Oh, holy bloody hell. Of course he liked it. It was
childish
and
boyish
of her to sneak out at night. He would like that she acted and dressed like a stable boy. He would like that she was unruly and ungovernable. It would probably give him great pleasure to exert his efforts to tame her, if not in bed then in other, more frightening ways.

God Almighty. She had inadvertently been confirming his choice of her as the only kind of woman he could stomach.

The thought made her own stomach knot up like an iron fist.

“Who were you talking to?” His gaze combed the alley from one end to the other.

“A horseman.” Antigone gestured vaguely toward Curzon Street. Let him think she talked to strange men. Let him think she was as promiscuous as a harlot. Let Aldridge think as ill of her as he would—it could be nothing to what she thought of him.

“What are you doing out at this time of night? Have you no sense?”

“Very little, apparently. But I like to see to my mare’s welfare.” She had not forgotten his offensive assertion of ownership in Northfield’s stable. “She is still
my
horse, sir.”

“Not for long,” he snapped.

Oh, yes. He had plans for Velocity, didn’t he? “Perhaps never.” She kept her own voice as smooth and undisturbed as his was perturbed. “You should know that the mare isn’t suitable for breeding, if that’s why you’ve insisted on bringing and keeping her here.”

That brought him up short and tight. “What do you mean?”

“She had severe bouts of colic as a filly, before she came to me. Almost died. Grosvenor was advised never to breed her. Why else do you think someone as canny about horses as Lord Grosvenor would give such a valuable filly to me?” She had almost said “to a twelve-year-old,” but she did not want him to think of her in that way any more than she could help.

The sudden forced abandonment of his elaborately constructed plans left him livid. Though he said not a word, his face was pinched with such ferocious displeasure, his lips drew down into two thin white lines.

Good. She wanted to goad him into a display of temper. She wanted him to be so disgusted he would end it now. In her moment of satisfaction she allowed herself the sarcasm of saying, “Perhaps I’m not such an attractive prospect now?”

“Don’t be ridiculous,” he hissed. “I’ve invested too much time and too much money in you to withdraw now, mare or no mare. If I breed her and she dies it’s no great loss to me. But you on the other hand … I have grown weary of this childish game.”

There was that word again, crawling under her skin like a parasite. “I am not a child, sir.” She drew herself up to her full height. “I am a woman grown.”

“Good. Because I am done with waiting for you to accustom yourself to our marriage. Child or not, it is time you learned to do as you are told.”

“I will do as I
please.
You do not own Velocity, and you certainly do not own me, sir.”

“You think not?” There it was again, the pleased, chilly disdain. “You’re beholden to me for the very clothes on your back. Though not these particular clothes.” But his scornful glance at her old redingote gave him pause, and brought on a more narrow-eyed scrutiny of the worn garment.

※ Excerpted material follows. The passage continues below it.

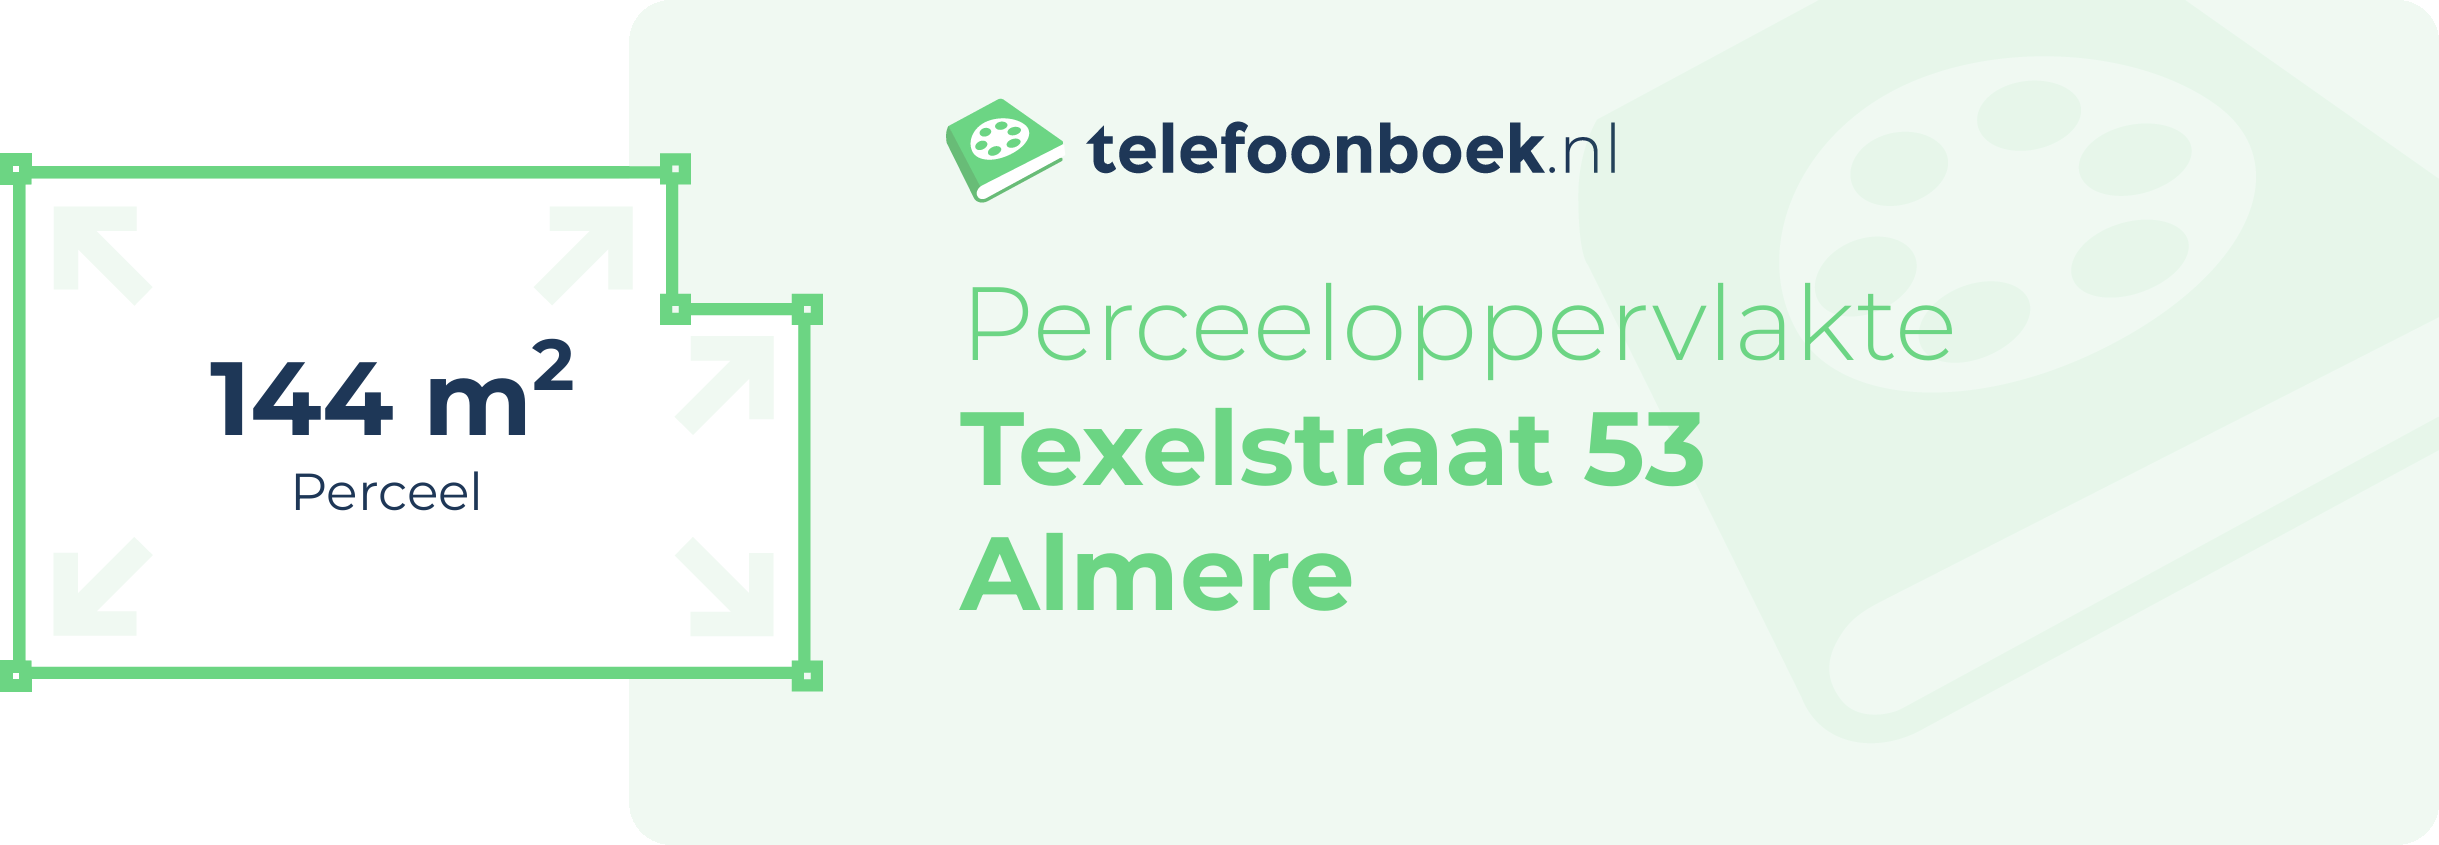 Perceeloppervlakte Texelstraat 53 Almere

Oh, bloody hell. She couldn’t have him associating her with the stable boy he had seen, and so obviously—oh, God, it was all becoming so wretchedly, wretchedly clear—so obviously been attracted to at Northfield.

“You haven’t bought my clothes.” The clothes she had been wearing in London were all Cassie’s castoffs. Before she had met Will Jellicoe, she had never cared about her clothes. And now that he was gone from her life, she could find no reason to put herself to the unnecessary trouble of primping and polishing.